Sunday, July 03, 2005

Me, me, me vs. Reality

ME, ME, ME VS. REALITY
This is where we get in trouble in relating to others. We want this, and we want that. They should appreciate us or love us more, they should pay attention to us, or leave us alone. They should be in a better mood, or be calmer. The me, me, me wants the partner to make my life sweeter and easier and more agreeable.

And yet, they have other ideas. They don’t like us today. They have a toothache. They have problems at work. Things are going on in their life and minds that aren’t revolving around us.

Or, even worse, sometimes, they are revolving around us, but in their own me, me, me way. So each partner is busy demanding: you should love me more, you should appreciate me more, you should listen to me more, you should admit you are wrong. Those four could cover the underlying territory of most arguments, with this being the basis of them all: you should treat me better. With, of course, the me, me, me defining what “better” is.

So, how to get out of this mess? Do the Work, write down the shoulds and shouldn’ts and ask four questions and turn them around.
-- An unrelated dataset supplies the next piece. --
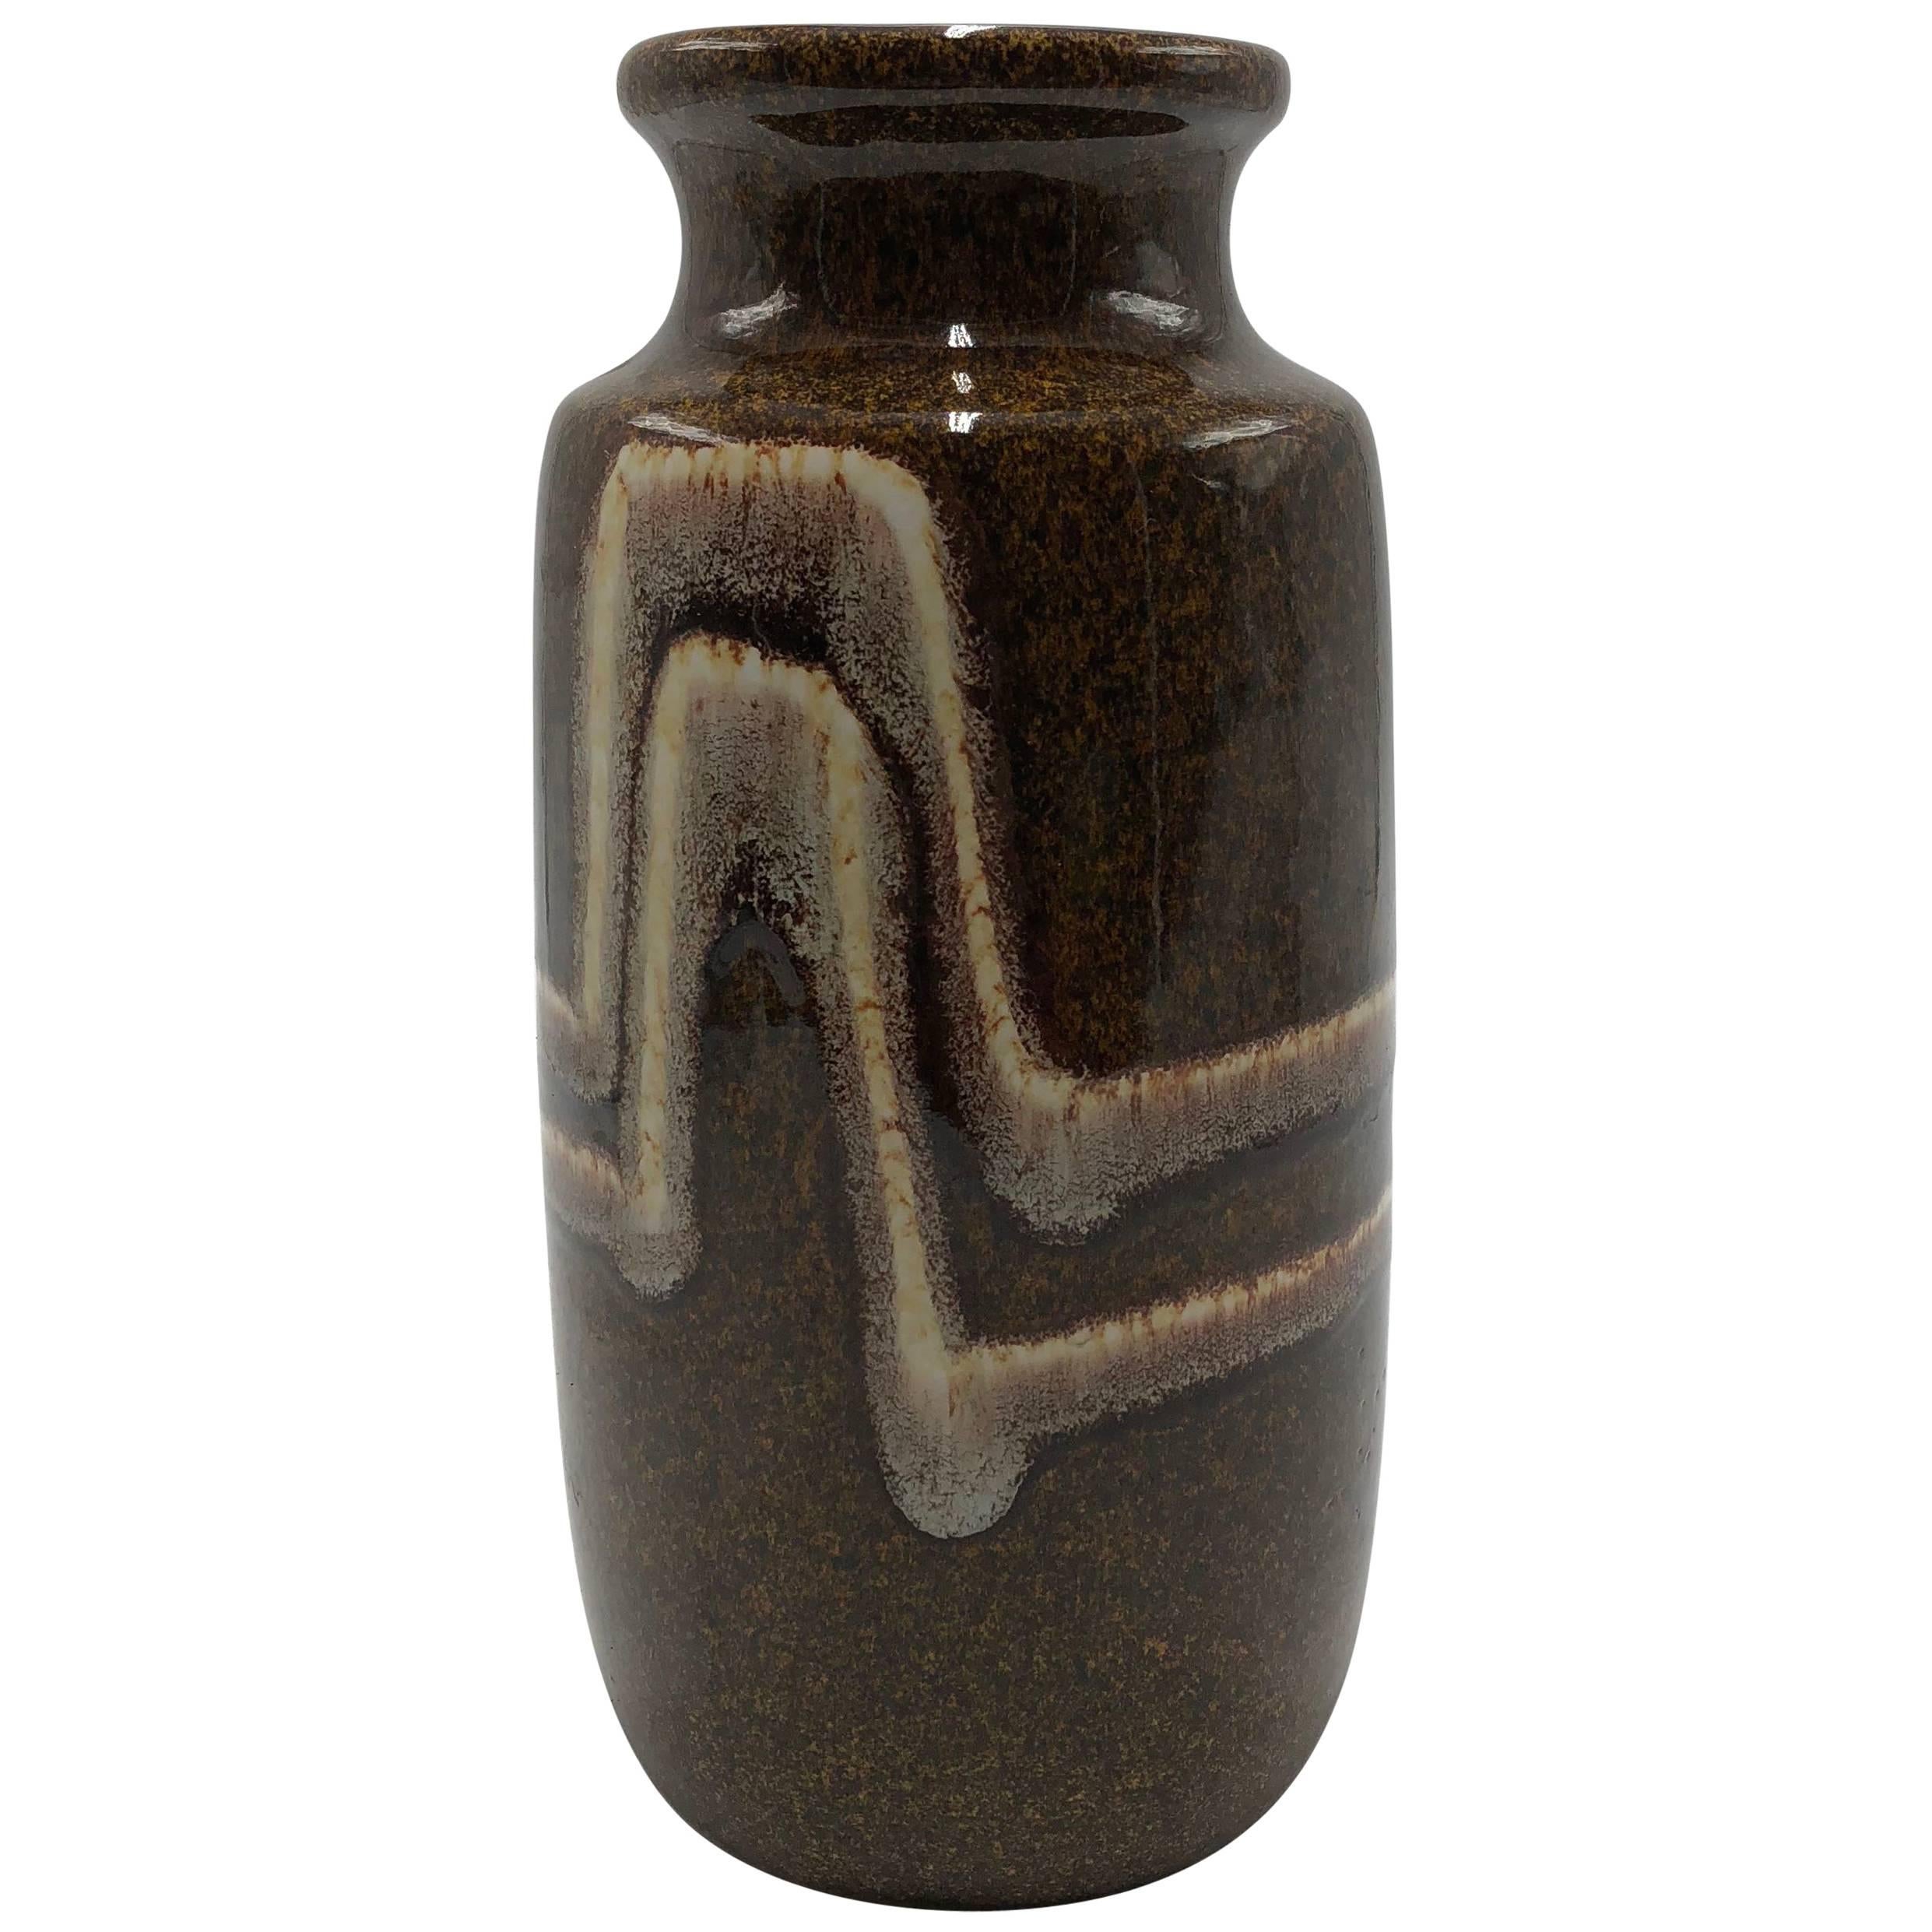 Scheurich Keramik Vase from the 1950s West Germany

Each and every time we do this we can come to understand that just because the me, me, me has a program for the other person, that doesn’t mean that the other person is going to go along with it.

This is a back door to understanding what love is, since love wants the other person to be who they are, not who they “should” be according to our wishes and wants. We can move back to love, if we see the other person without the story, which is what question four ( Who or what would I be without attachment to the thought?) brings us to. So why not just say: love everyone for what they are?

Because most of us can’t do that yet. Byron Katie’s work, in its honesty that judging is what we do most often, lets us off the hook of being any better than we really are. And then the four questions begin to set us free from the bondage of going around demanding that our me, me, me program be enforced. And the turn around gives us all the work we might ever need to do on ourselves. No need to pay anyone to discover where we need to work: just take our judgments ( you should be more kind to me) and turn them around ( I should be more kind to you. I should be more kind to myself.)

This is a source of humor, the realization that so much of our sorrow comes from the me, me, me point of view. No need to berate ourselves for being selfish. It’s just the way the world has run itself into the ground for centuries. We don’t need to be pure. We don’t need to be pure love. We don’t need to automatically forgive. Something deeper than forgiveness comes out of the work. What comes is a realization that these others, about whom we were so agitated, were just being like us, lost in their own me, me, me land.

So we have the way into misery in our relating: see everything in term of me, me, me. And we have the way out: be honest about our demands, write them down, ask four questions and turn them around. The great relief is that the world is full of people we can treat we affection and enjoyment and kindness and all the other things we are busy demanding. This gives us practice in what we are preaching and shows us a way to act that surmounts the loneliness to which the me, me, me state of existence always condemns us. Want to be free? Look within, find the truth, smile at what our demanding is doing to us, and imagine and then practice, who would we be if we just say others for what they were?